I knew what he was getting at, he'd asked me before if I would prefer not to be working for Torchwood, to be able to work in a normal office or school or library or whatever, and have a normal 3 bed 2 bathroom house, a wife a couple of children, a cat… and yeah, maybe at one point that's what I wanted, but not now, not now I've seen so much, not now that I've met Jack.

"In a way… yes, but well… you know I love you" I whispered, a little awkwardly, I still felt nervous confessing that. "And right now, this is what I want, no matter how unorthodox and unusual this way of life – the fighting aliens part I mean – I wouldn't want to get rid of any of it, not ever. Because get rid of that, and I get rid of you. I don't care what's supposed to be considered normal… I just want you.
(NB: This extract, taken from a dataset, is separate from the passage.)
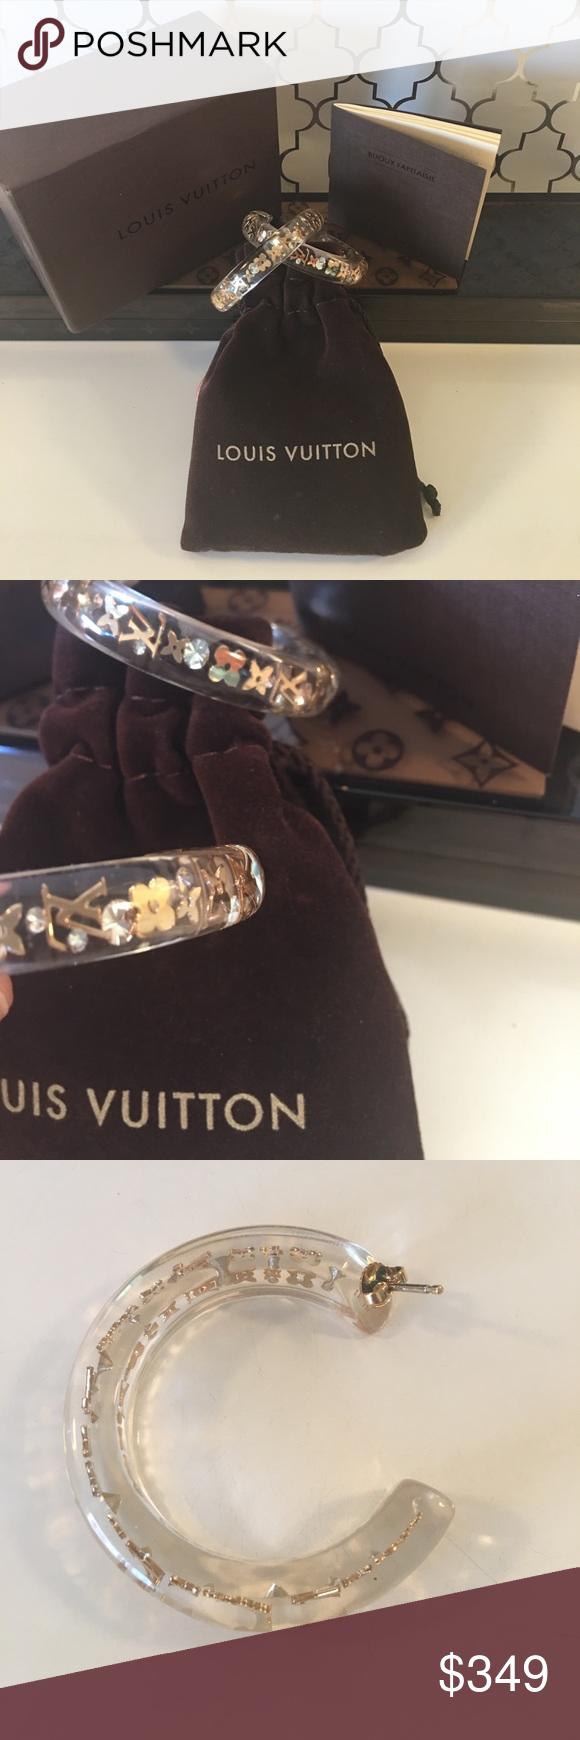 ⭐️LOUIS VUITTON LARGE HOOP EARRINGS 💯AUTHENTIC LOUIS ...
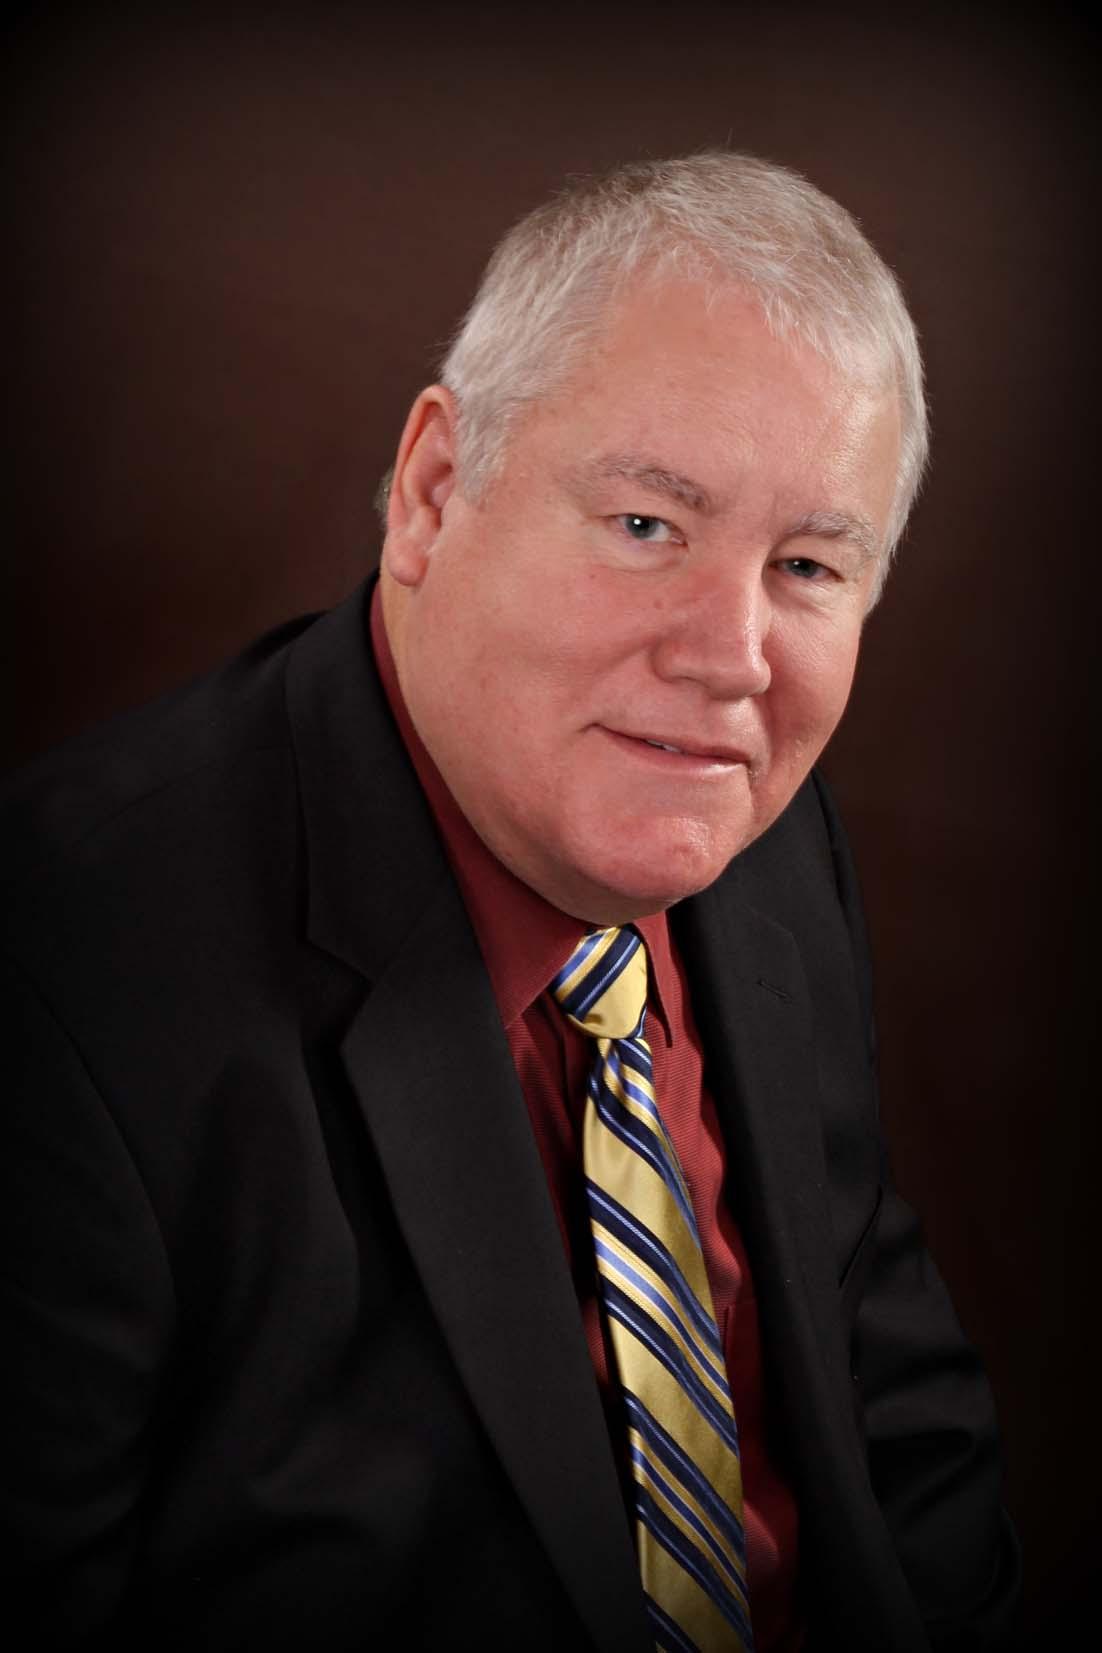 Allen Krom, ACD Learning Solutions

And besides, today has hardly been what you could describe as a typical wedding…" I said, laughing lightly by the end.

He joined in my laughter. "Yes, you're right there, it certainly hasn't"

"How about you… do you ever wish you could have this?" I asked, realising suddenly that I never had asked him before.

He sighed a little. "Yes and No" I felt my stomach tighten a little with nerves, worried that he may confirm the doubts I had banished months ago. "Yes, because I hate the fact that I can't ever have it, even if I wanted to. How can you have that when you know that you're going to outlive your other half by thousands of lives, when you know that you're ultimately going to end up alone?" I brushed my hand lightly across his cheek, trying to take his sudden sadness away with it.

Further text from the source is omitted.